**TASK DIRECTIONS:** Restate the listing below word for word, omitting any images.

**SUPPLIED MATERIAL:**
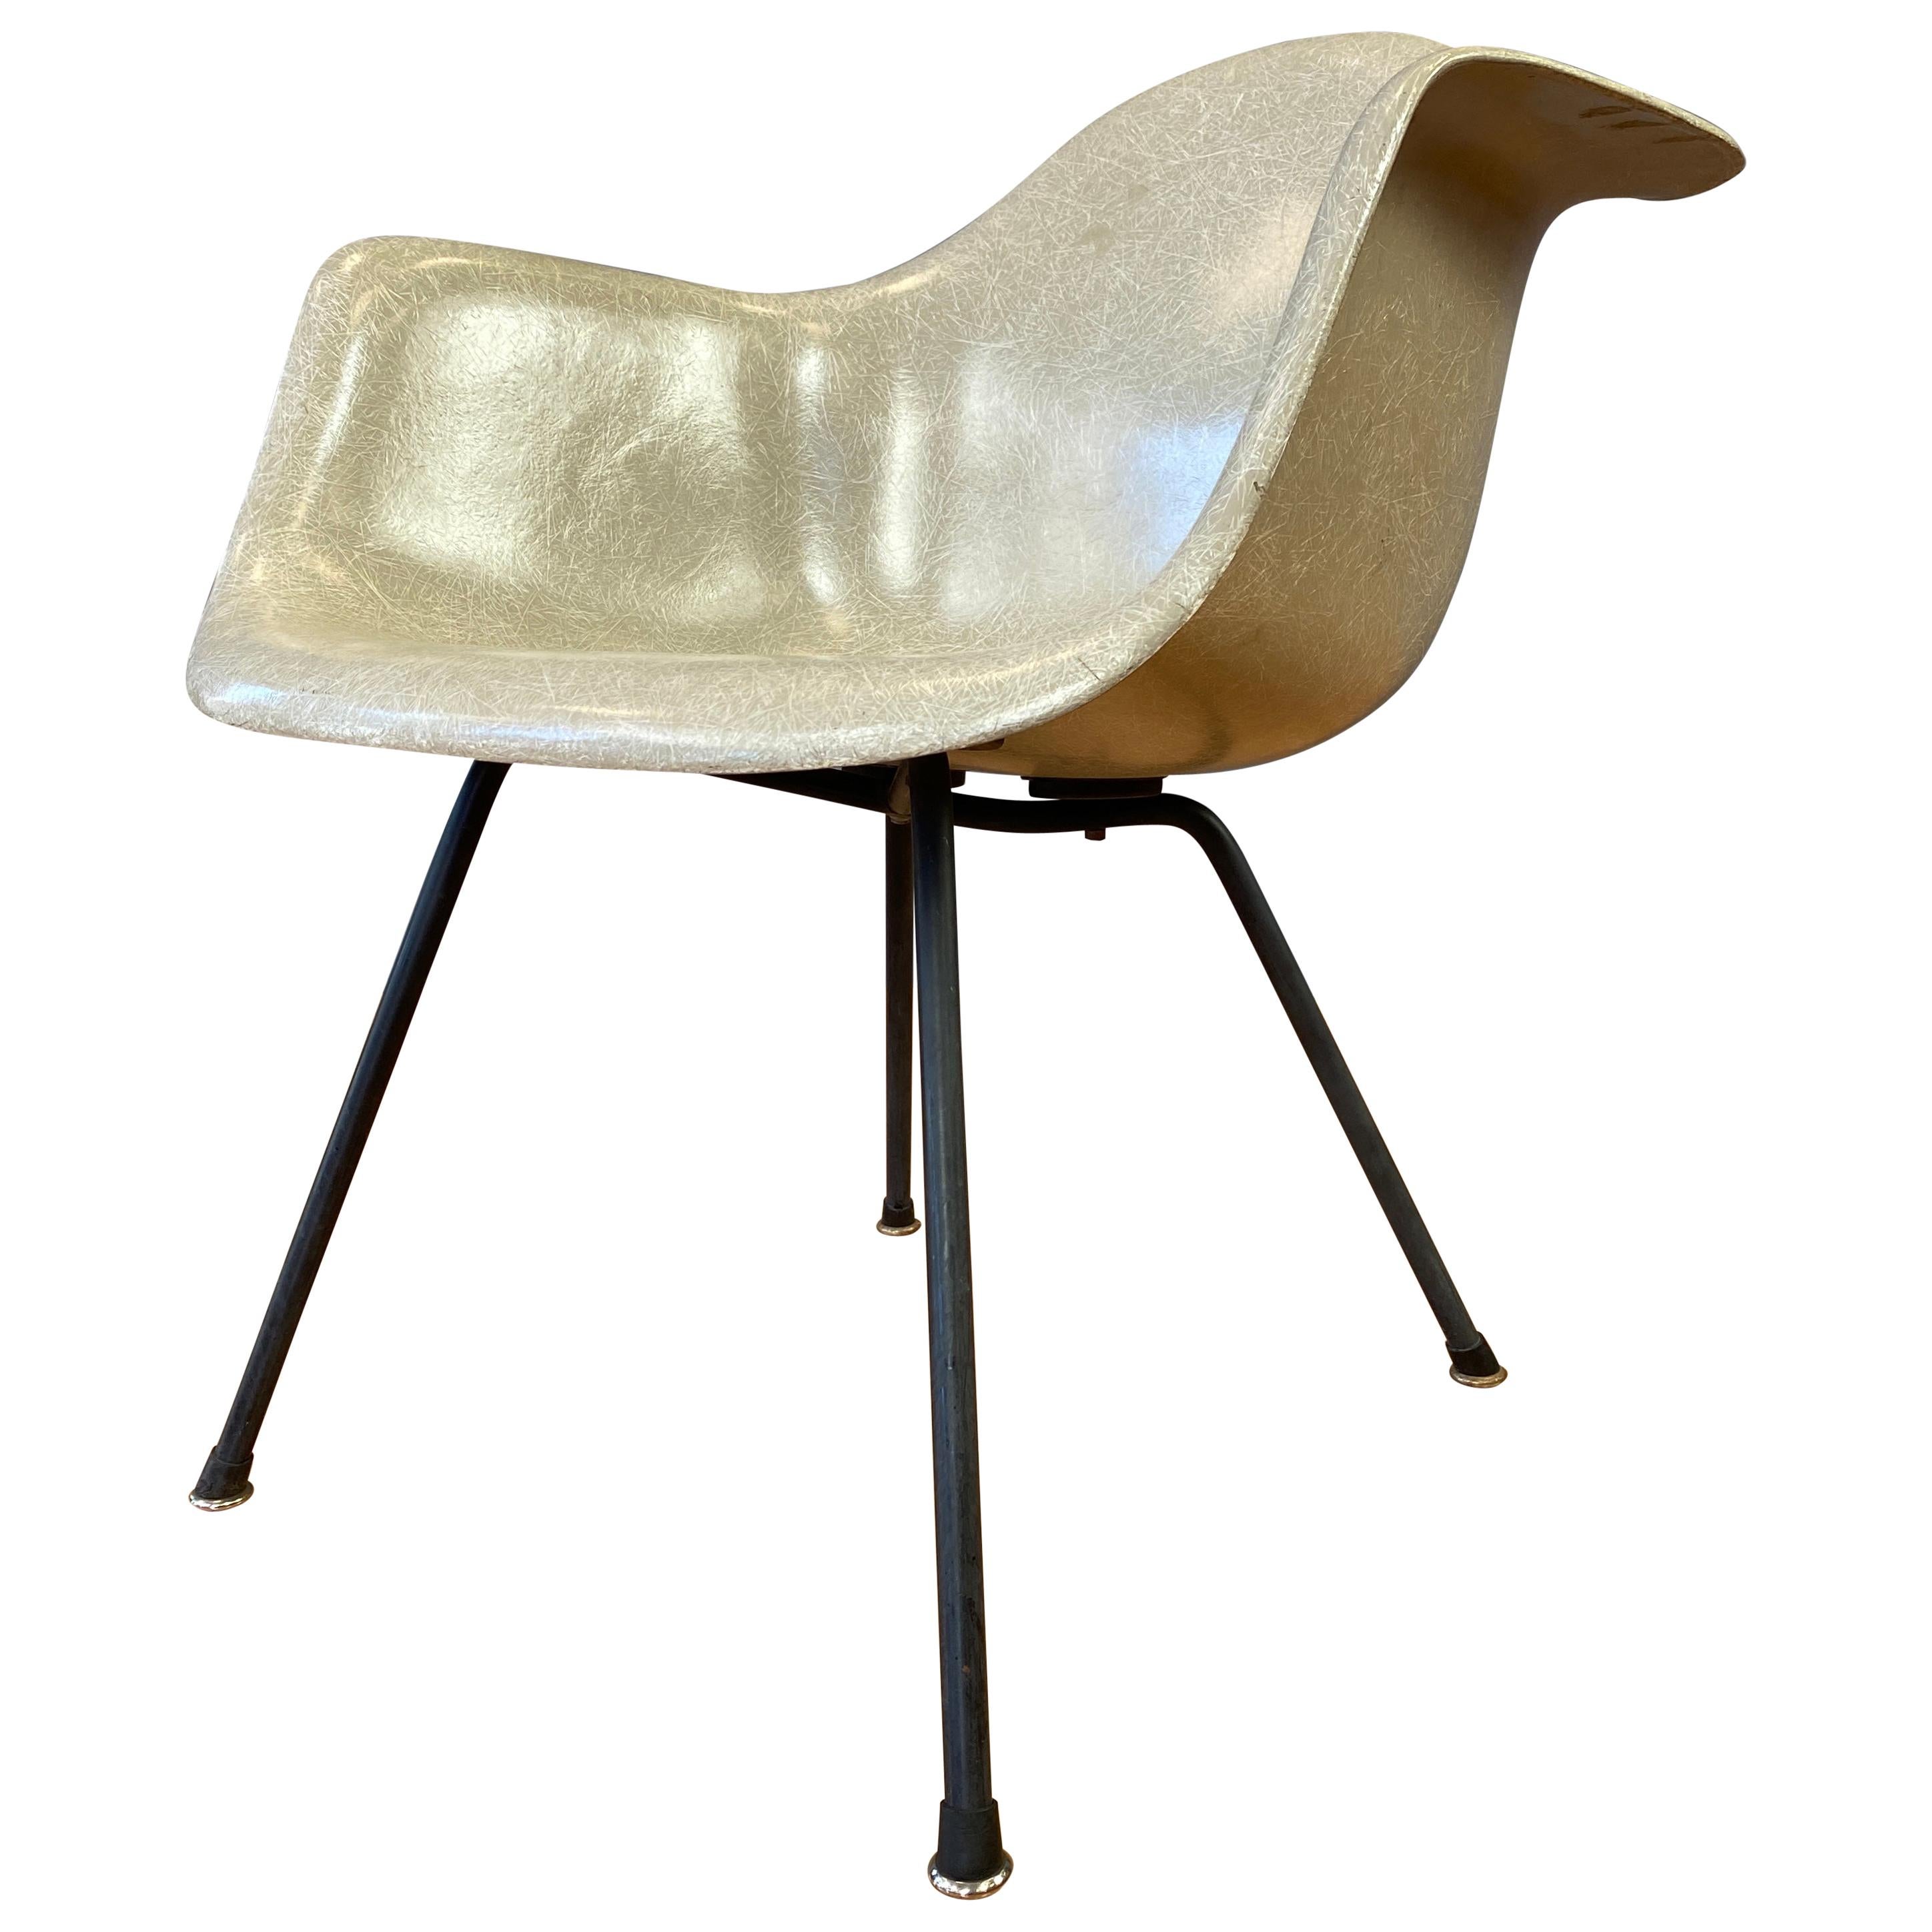 Early Production Charles Eames Fiberglass Shell Armchair for Herman Miller
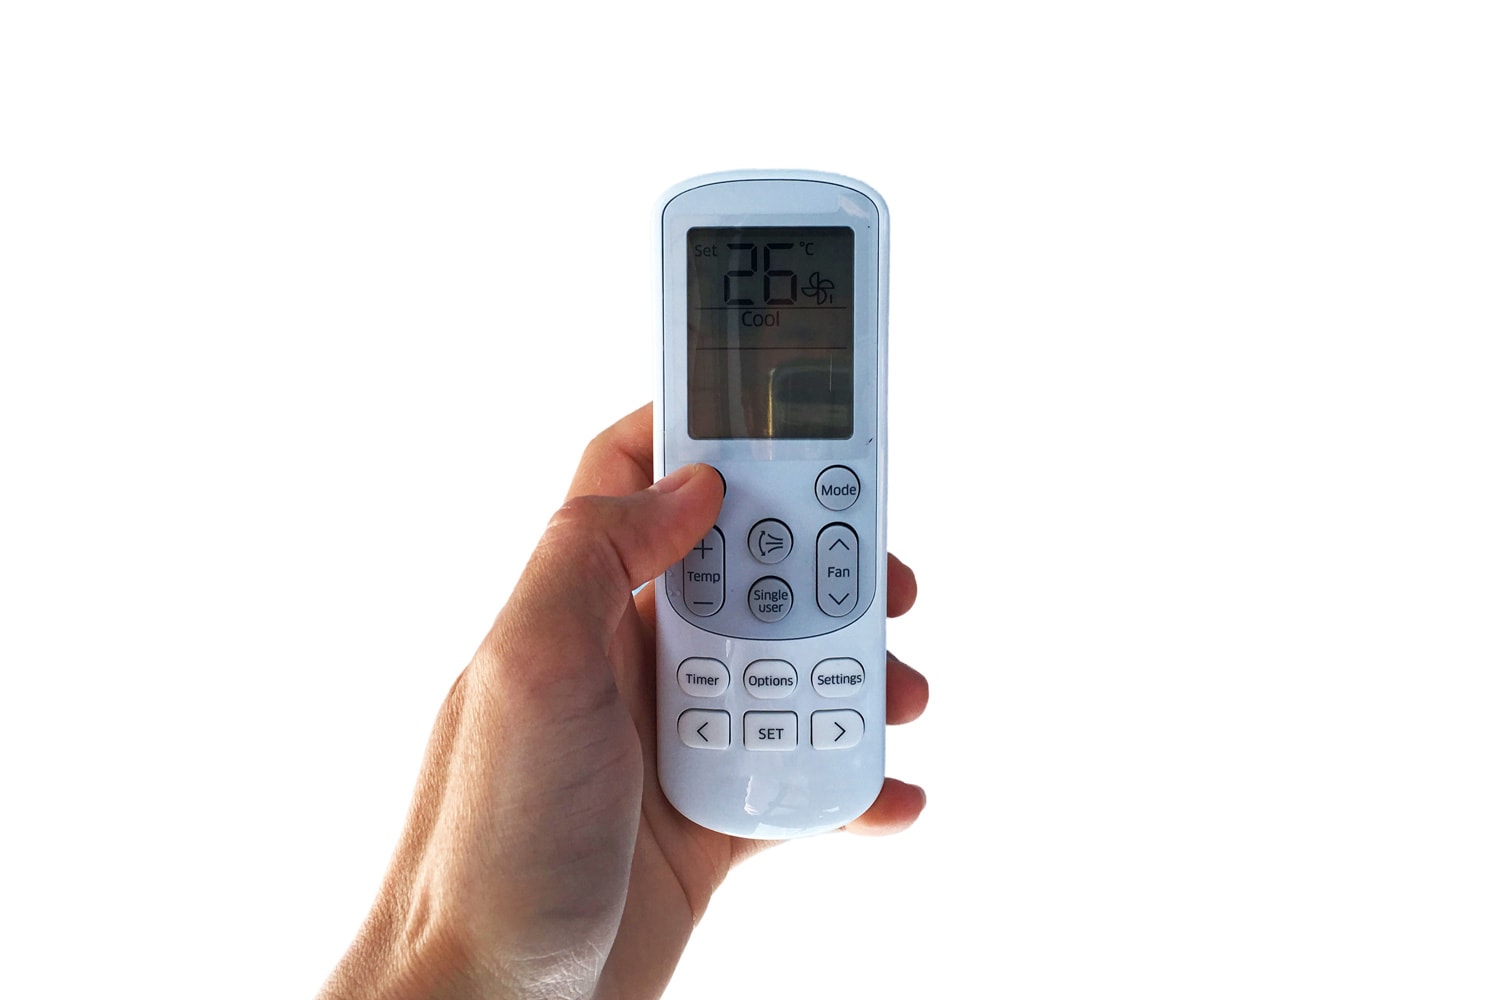 Using hand press remote control for air conditioning.
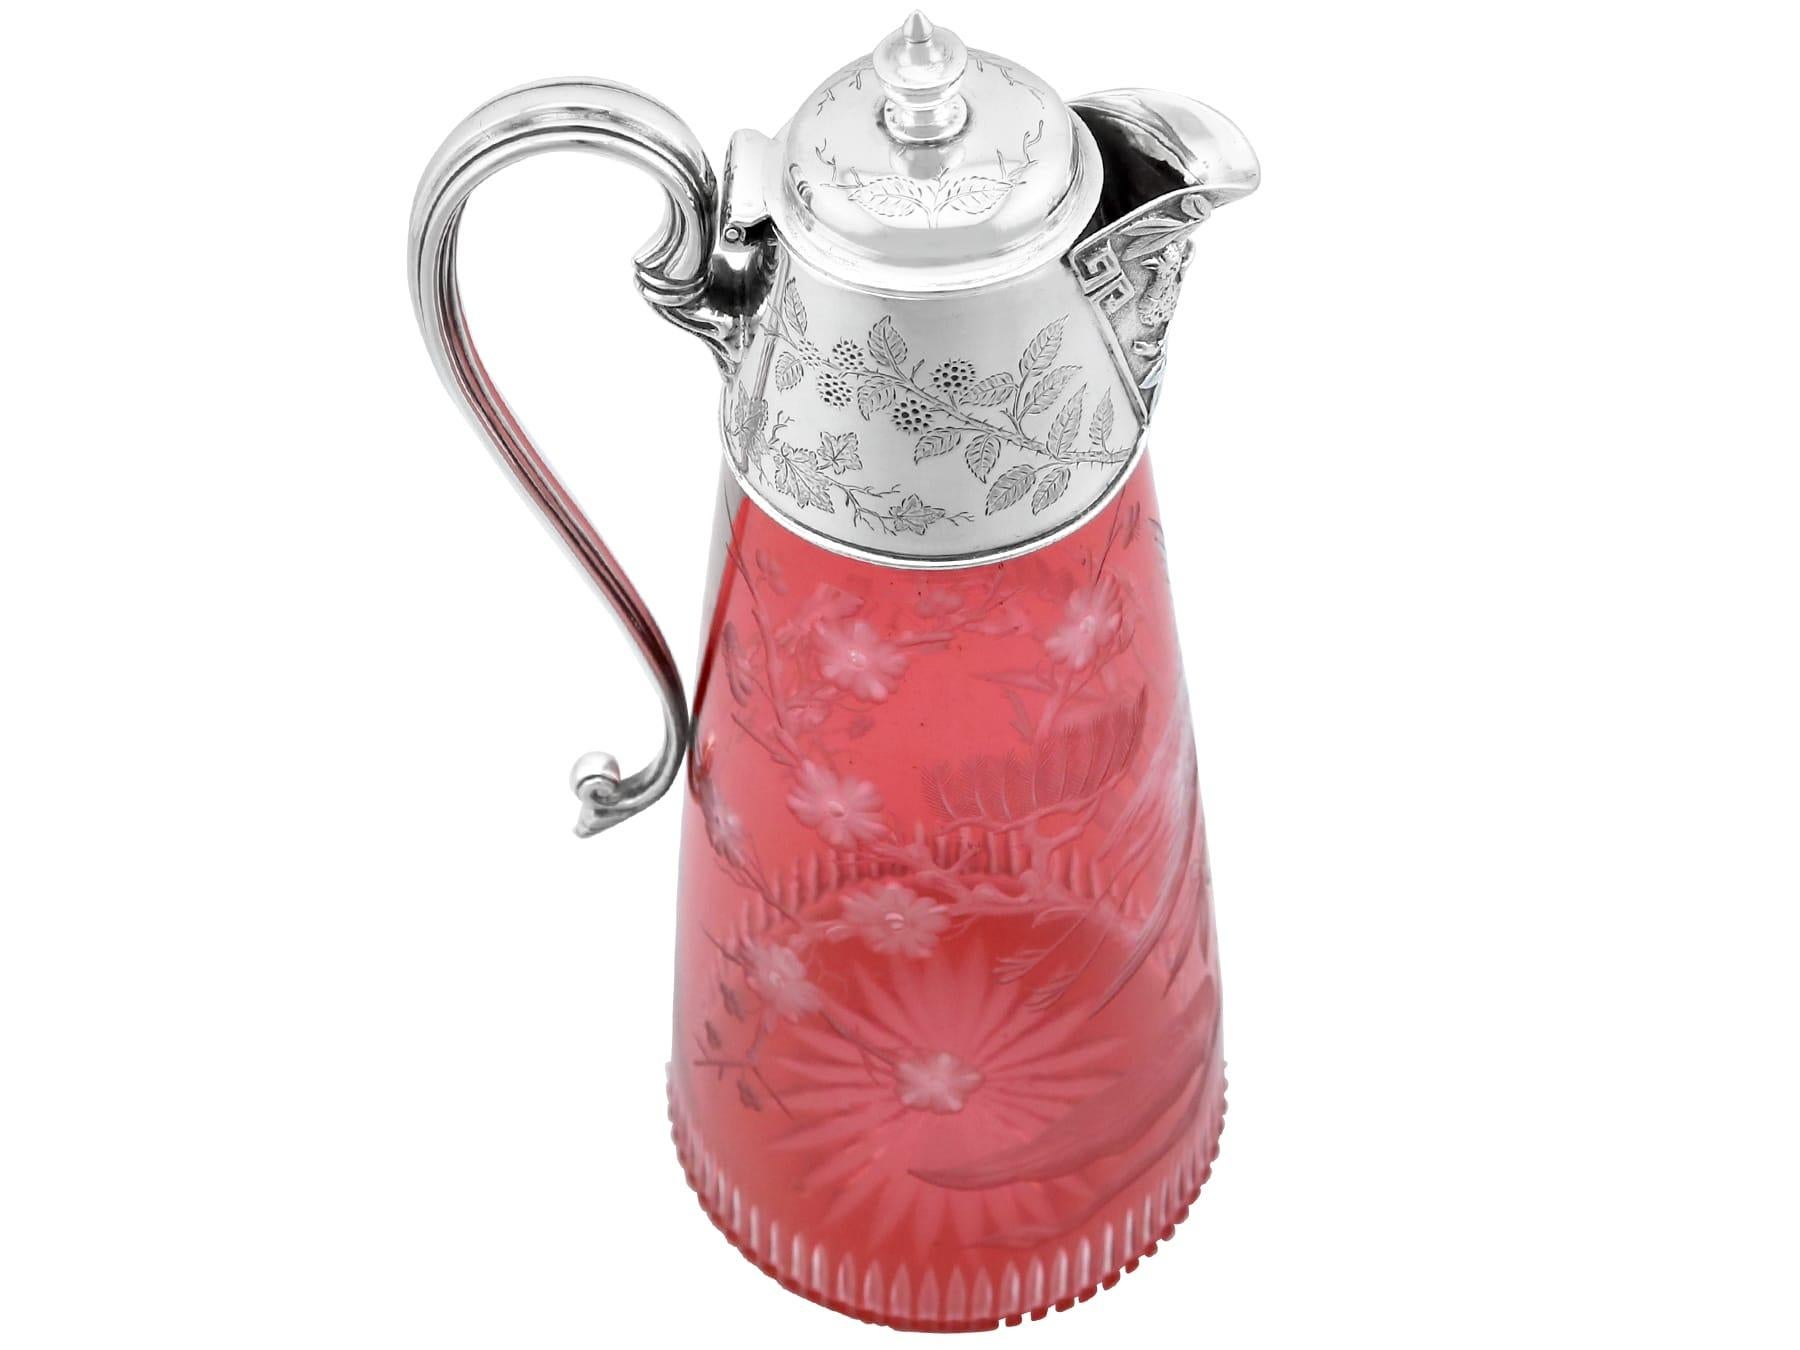 An exceptional, fine and impressive antique Victorian cranberry glass and silver mounted claret jug; part of our silver mounted glass collection

This exceptional antique Victorian sterling silver and glass claret jug has a tapering cylindrical

**RESPONSE BOX:**
 Early Production Charles Eames Fiberglass Shell Armchair for Herman Miller
 Using hand press remote control for air conditioning.
 An exceptional, fine and impressive antique Victorian cranberry glass and silver mounted claret jug; part of our silver mounted glass collection

This exceptional antique Victorian sterling silver and glass claret jug has a tapering cylindrical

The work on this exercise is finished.